Waste plastic bottles can be converted into highly effective antifungal drugs. The research was conducted by IBM nanomedical researchers and the Singapore Institute of Bioengineering and Nanotechnology. The researchers turned recycled plastic bottles into non-toxic, biocompatible, highly effective antifungal nanofibers that treat resistant fungal infections and bacterial infections such as methicillin-resistant Staphylococcus aureus (MRSA).

According to reports, more than 1 billion people worldwide are infected with fungi every year, ranging from local skin infections (such as athlete's foot) to life-threatening fungal blood infections. When the patient is treated with antibiotics, the immune system is damaged. There is an urgent need to develop highly effective and disease-specific antifungal agents to alleviate the growing problem of drug resistance. Traditional antifungal treatments require intracellular invasion of infection, but it is difficult to target and penetrate the fungal membrane wall. In addition, because fungal metabolism is similar to mammalian cells, existing drugs are unable to distinguish between healthy and infected cells.

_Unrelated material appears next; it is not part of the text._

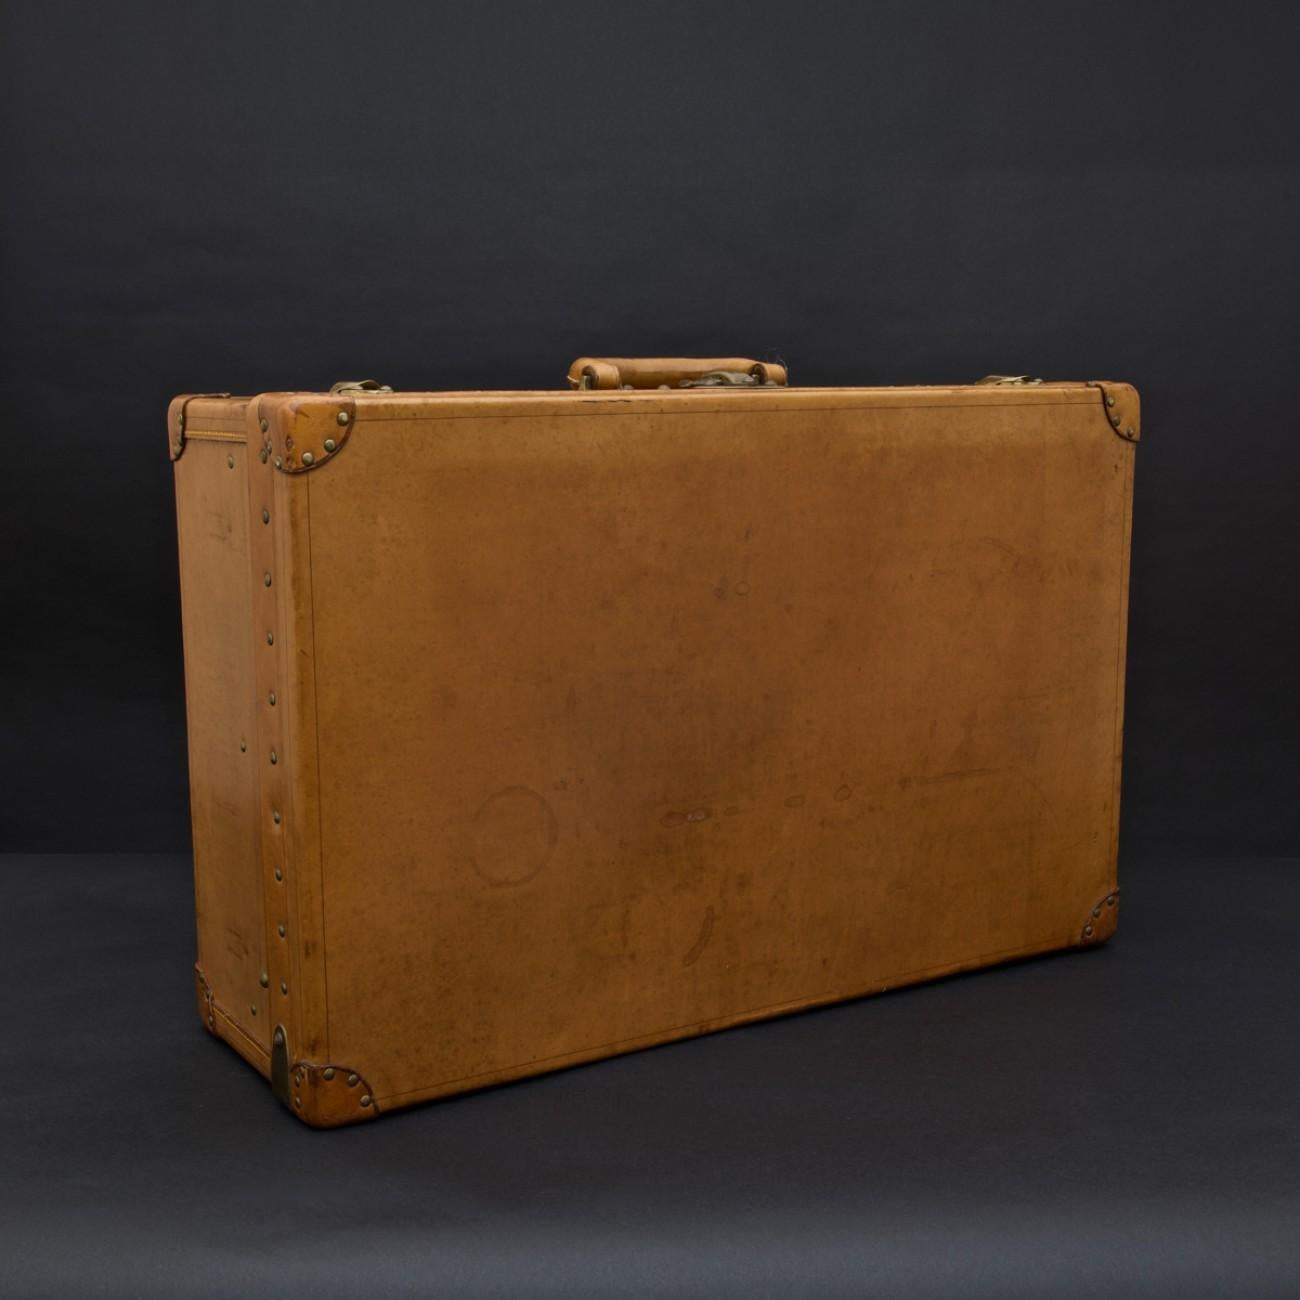 A superb 'Vache Naturelle' suitcase by Louis Vuitton. With original cotton lined interior (missing tray), circa 1935.

Louis Vuitton was founded by its namesake in 1854, with the first shop on Rue Neuve des Capucines in Paris, France. Monsieur

Based on this, the researchers used an organic catalytic process to promote the conversion of ordinary plastic materials made of polyethylene terephthalate (PET), in the process of producing new molecules of antifungal agents. These new antifungal agents are self-assembled by a hydrogen bonding method, such as molecular velcro bonds, which form nanofibers in a polymer-like manner to exhibit an active antifungal effect. This new nanofiber is positively charged and can be selectively targeted and attached to a negatively charged fungal membrane based solely on electrostatic interactions. It then prevents it from attacking by breaking down and destroying the walls of the fungal cell membrane.